DataSpoc ML

DataSpoc ML lets you train, predict, and explain machine learning models directly on Parquet data stored in cloud buckets. No data movement, no separate ML infrastructure — your models run where your data already lives.

What it does

Automated feature engineering — detects column types, generates meaningful features, handles missing values.
Model selection — evaluates multiple algorithms and picks the best one for your data.
Hyperparameter tuning — optimizes model parameters automatically.
Drift monitoring — tracks model performance over time and alerts when predictions degrade.

Commercial product

DataSpoc ML is a commercial product integrated with Lens. It is accessed entirely through dataspoc-lens ml commands — there is no separate CLI to install.

To get started, contact ml@dataspoc.com.

How it connects

ML reads from the same bucket that Pipe writes to and Lens queries.
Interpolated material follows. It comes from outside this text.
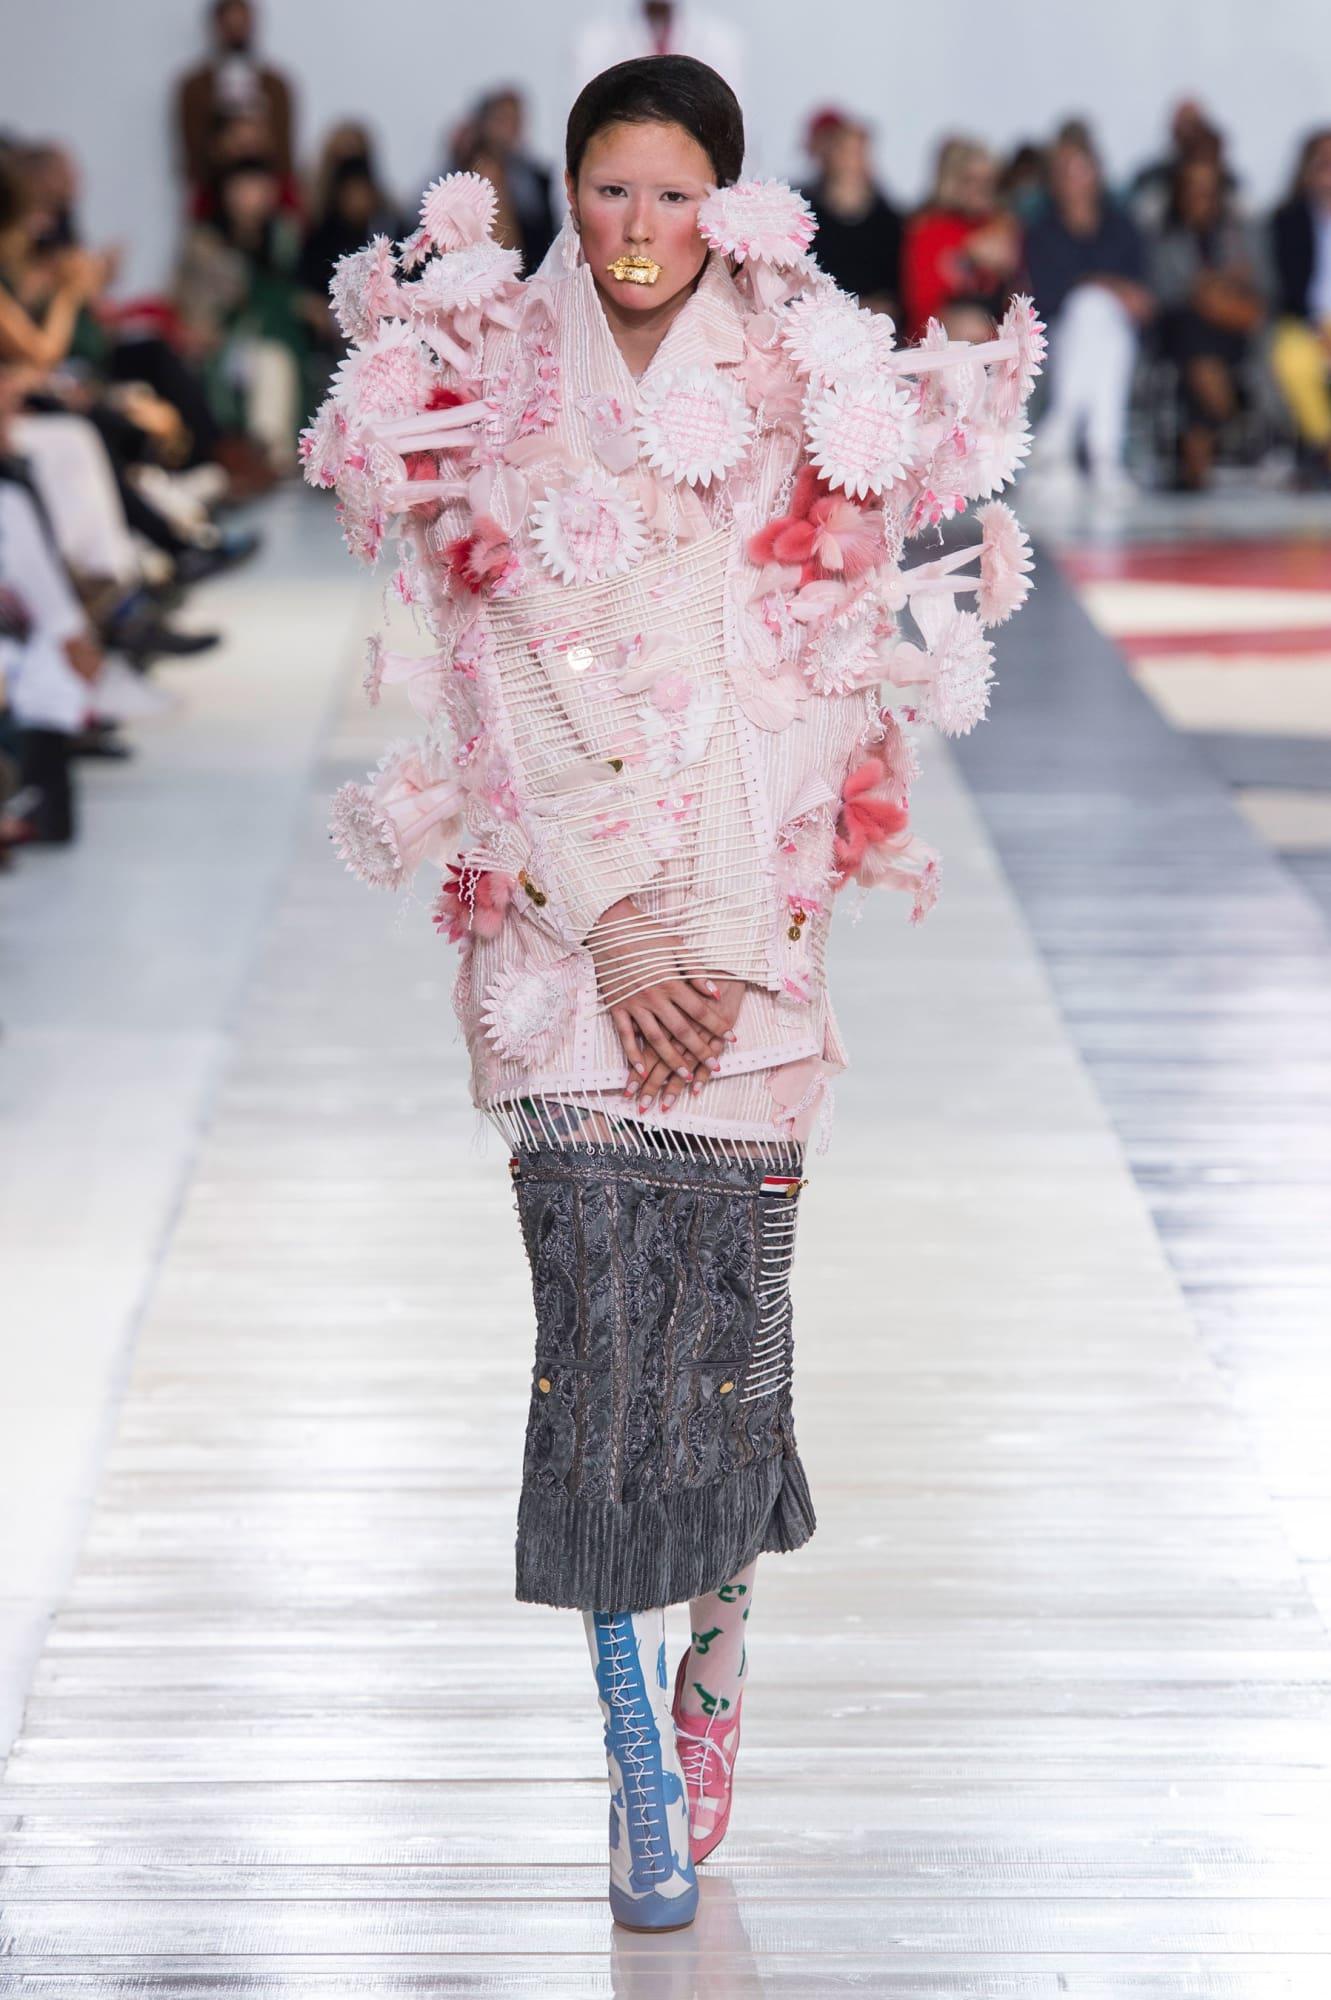 Sự gợi cảm của người mẫu nữ trên sàn diễn thời trang

The data flow is:

Pipe (ingest) → bucket/raw/ and bucket/curated/
                        ↓
                   ML (train) → bucket/ml/models/<model>/
                   ML (predict) → bucket/ml/predictions/<model>/
                        ↓
                   Lens (query) → predictions appear as SQL tables

Bucket artifacts

ML writes to two directories in the bucket:

Path	Contents
`ml/models/<model>/model.pkl`	Serialized trained model
`ml/models/<model>/features.json`	Feature definitions and transformations
`ml/models/<model>/metrics.json`	Training metrics (accuracy, AUC, RMSE, etc.)
`ml/predictions/<model>/*.parquet`	Prediction output as Parquet files

Predictions saved as Parquet are automatically discoverable by Lens and appear as queryable SQL tables.